Getting your work-life balance right means becoming the person you want to grow into on-the-job, while getting closer to attaining the goals you most want to realize. That’s what changes a job from little more than a paycheck into a vocation, a calling. When you can see the evidence of what you value the most in the work that you do, a deeper sense of happiness and accomplishment comes into your life—maybe for the first time.
Connecting your values to your working life requires a whole new set of decision-making muscles. Above all, it means living with, and acting on, those values that are most important to you before you are faced with truly difficult choices.

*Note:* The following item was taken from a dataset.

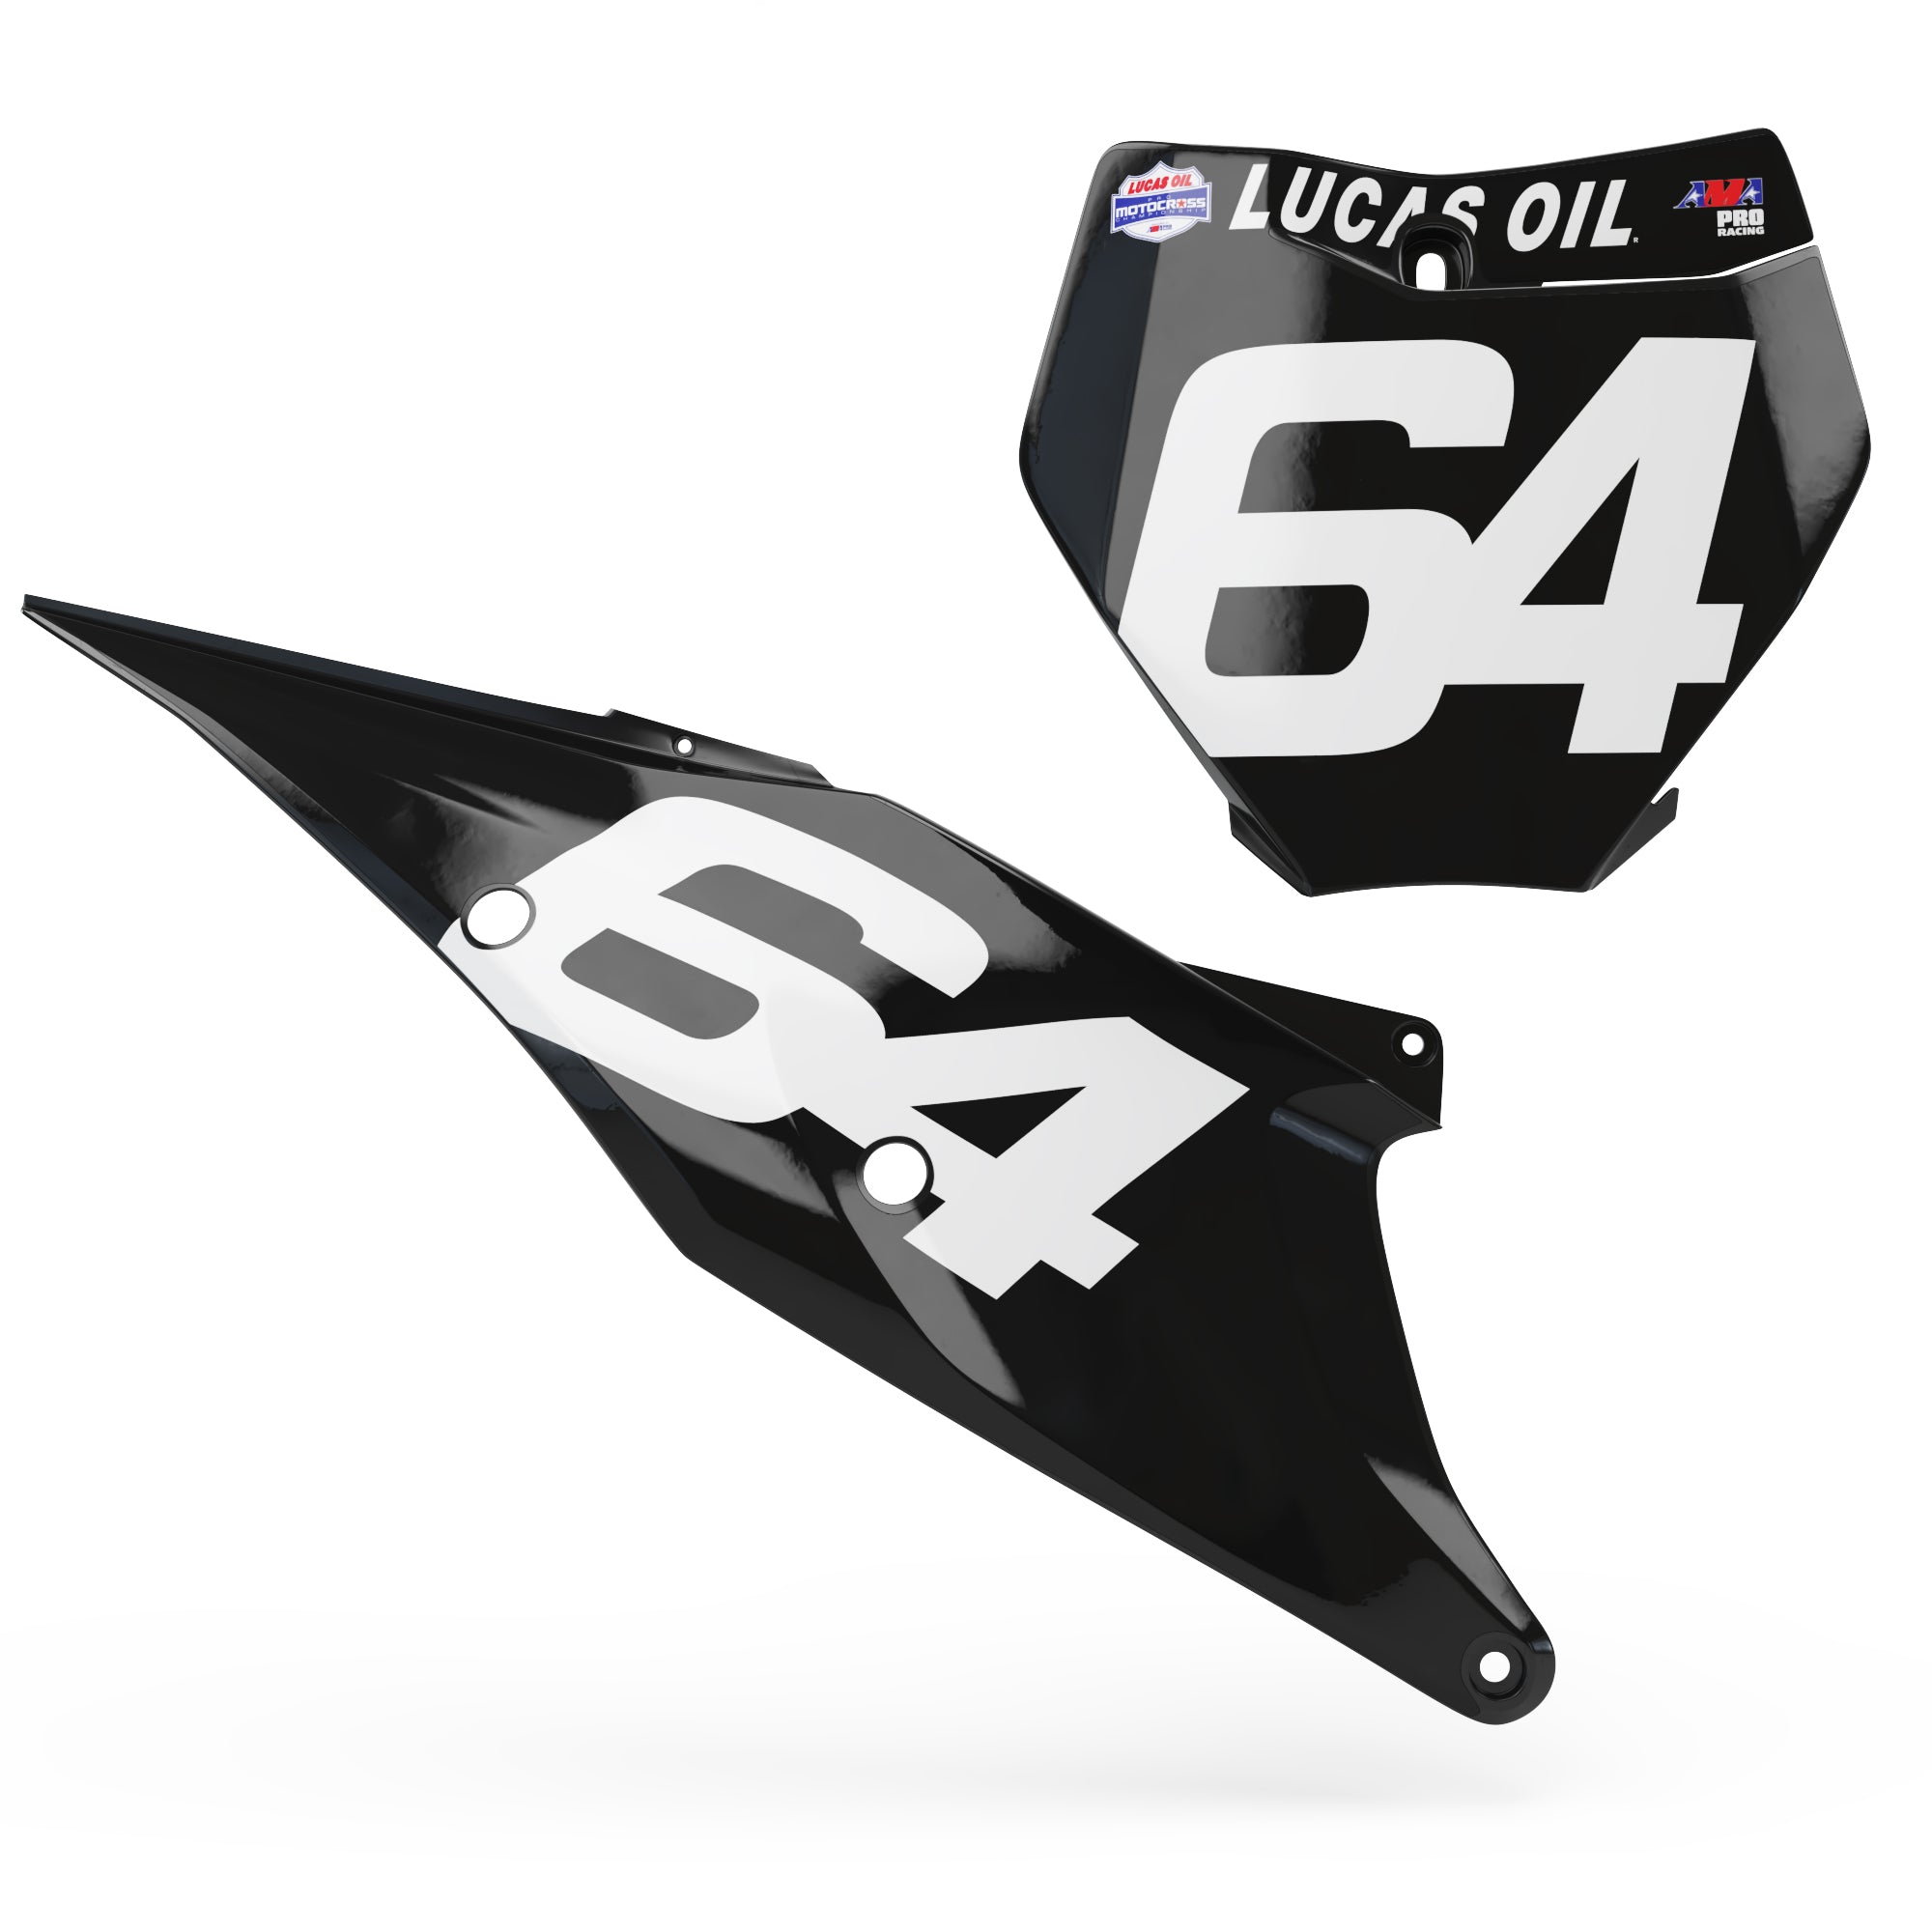 Complete Honda-ENJOY LUCAS OILS Decal Kit with Number Plate Decals

People who have never road-tested their values in their own lives usually don’t know what to do when they are confronted with a situation that calls upon them to act in the most basic human ways. It is when a woman has fallen down in front of you and is bleeding on the sidewalk. Do you stop to help?
For too many of us, the choice is to walk around her and then make up an excuse for not acting: I couldn’t stop, I had to get to work, to school, or the gym. I wouldn’t have known what to do if I did stop. Someone else will probably help her. I’d rather not get involved.
There is a name for this kind of paralysis, this not-knowing-what-to-do and its associated excuses. It’s called “the bystander effect.”
There was a gut wrenching demonstration of this dynamic chronicled in the Philadelphia newspapers just before Christmas. What floored me was the realization that I’d heard all of these kinds of excuses before, indeed had heard them over and over again when I was growing up—although the stakes were never as high as they were for the victims of this story.
Bill Conlin, a Hall of Fame baseball writer for one of the City’s papers, was pushed into early retirement a few weeks ago after a chorus of middle-aged women and men (some of them members of his own family) accused him of molesting them when they were as young as seven years old. This kind of abuse, and another prominent individual’s involvement, are now numbingly familiar. But I broke out in a cold sweat when the story started talking about how many people knew what Conlin was doing 30-odd years ago, and their willingness to talk today about what they did and didn’t do with their knowledge at the time.
Those now talking include the kids who were once abused as well as the parents they told about it. As Kelley Blanchet, Conlin’s niece and one of the children he molested, told the reporter: “People have kept this secret. It’s not just the victims, it’s the victims’ families. There were so many people who knew about this and did nothing.”
Well not exactly nothing. The adults generally found their own private solutions.
Kelley’s parents kept her away from her uncle after the abuse, and her father actually confronted Conlin. But when Conlin denied that he had done anything and then started crying, Kelley’s dad found himself first pitying, and then believing him. Taking his word over their daughter’s, Kelley’s parents never alerted the parents of other children who frequented the Conlin house or even other family members about what had happened.
And there were lots of little boys and girls who flocked to Conlin’s house to play with his little boys, Billy and Peter, 30 years ago: like Barbara Healy’s children Kevin and Karen.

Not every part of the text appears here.